In the United States the preferred method of obtaining dietary
intake data is the 24-hour dietary recall, yet the measure of
most interest is usual or long-term average daily intake, which
is impossible to measure. Thus, usual dietary intake is assessed
with considerable measurement error. Also, diet represents
numerous foods, nutrients and other components, each of which
have distinctive attributes. Sometimes, it is useful to examine
intake of these components separately, but increasingly
nutritionists are interested in exploring them collectively to
capture overall dietary patterns. Consumption of these
components varies widely: some are consumed daily by almost
everyone on every day, while others are episodically consumed so
that 24-hour recall data are zero-inflated.

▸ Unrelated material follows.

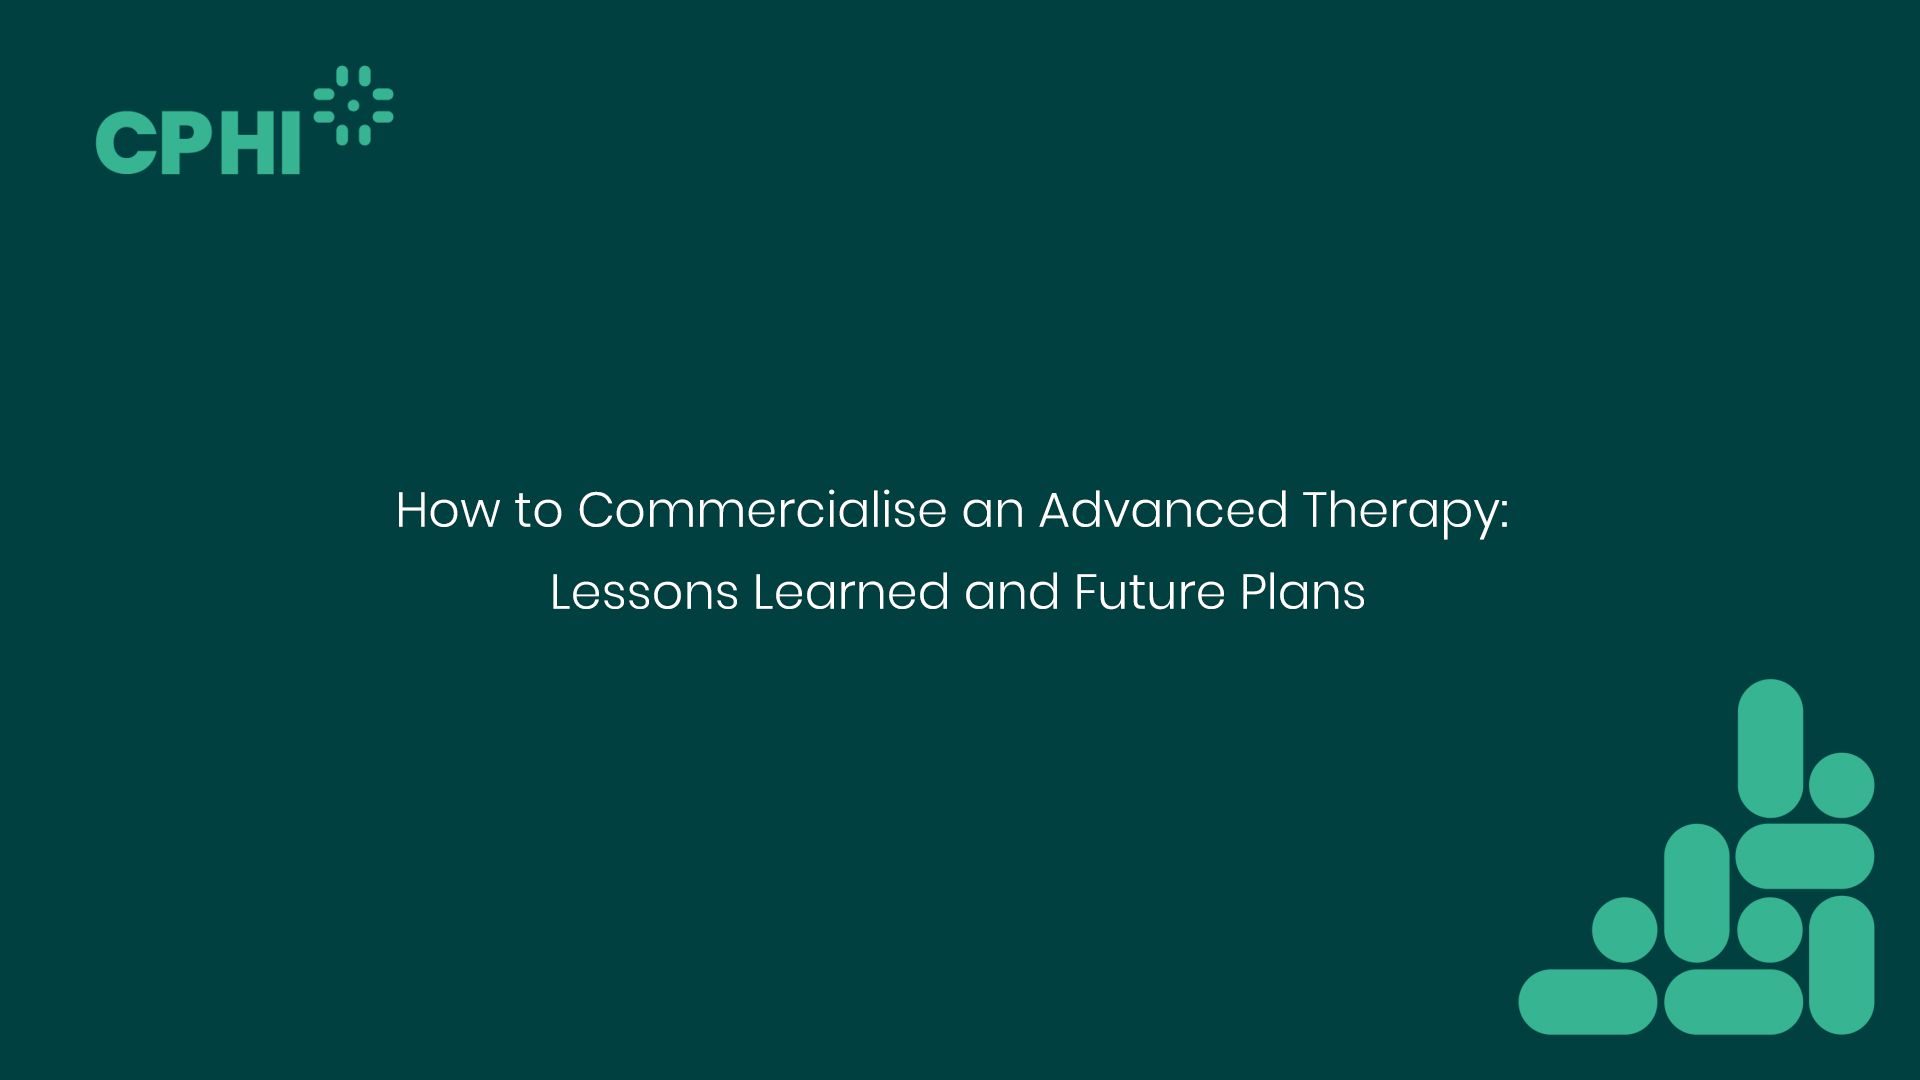 How to Commercialise an Advanced Therapy: Lessons Learned and Future Plans
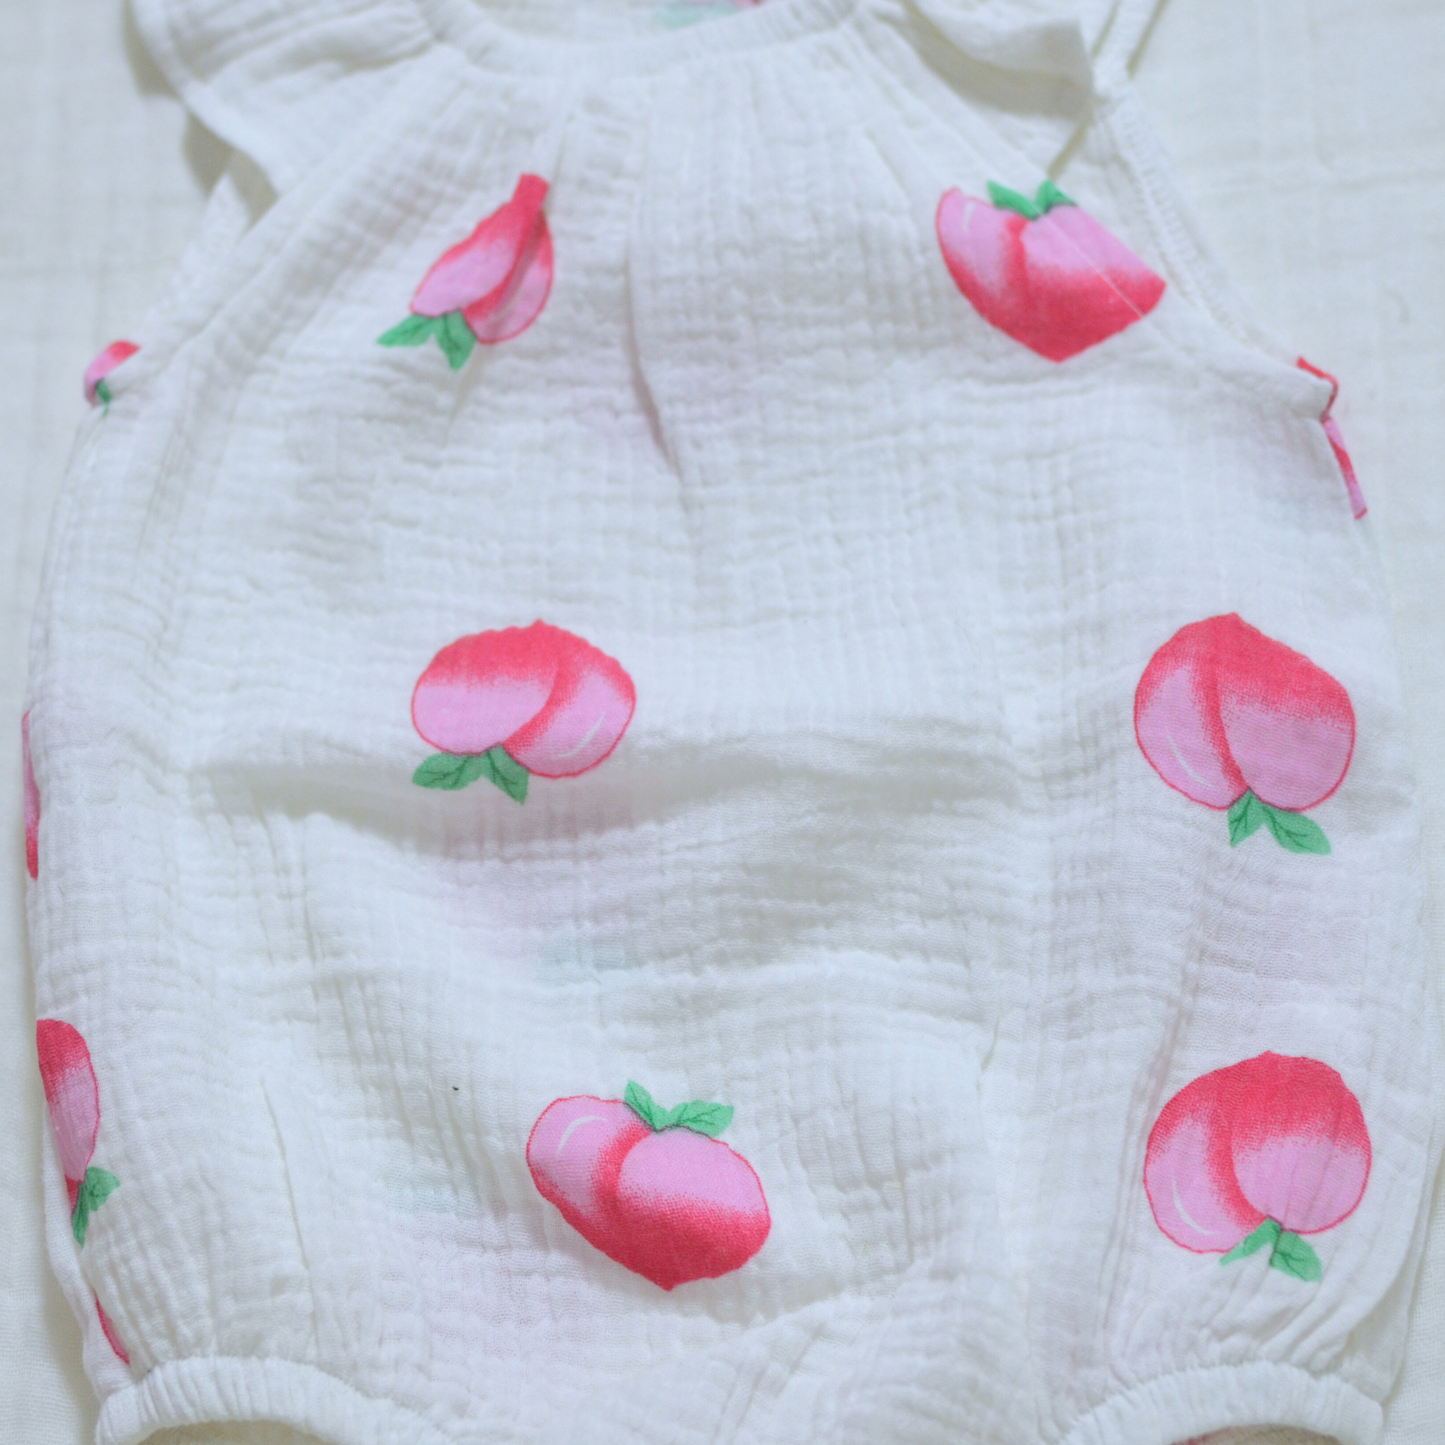 Muslin Ruffled Sleeve Baby Romper - 0 to 6 Month Size

In addition, they
are often correlated with each other. Finally, it is often
preferable to analyze the amount of a dietary component relative
to the amount of energy (calories) in a diet because dietary
recommendations often vary with energy level. The quest to
understand overall dietary patterns of usual intake has to this
point reached a standstill. There are no statistical methods or
models available to model such complex multivariate data with
its measurement error and zero inflation. This paper proposes
the first such model, and it proposes the first workable
solution to fit such a model. After describing the model, we use
survey-weighted MCMC computations to fit the model, with
uncertainty estimation coming from balanced repeated
replication. The methodology is illustrated through an
application to estimating the population distribution of the
Healthy Eating Index-2005 (HEI-2005), a multi-component dietary
quality index involving ratios of interrelated dietary
components to energy, among children aged 2–8 in the United
States. We pose a number of interesting questions about the
HEI-2005 and provide answers that were not previously within the
realm of possibility, and we indicate ways that our approach can
be used to answer other questions of importance to nutritional
science and public health.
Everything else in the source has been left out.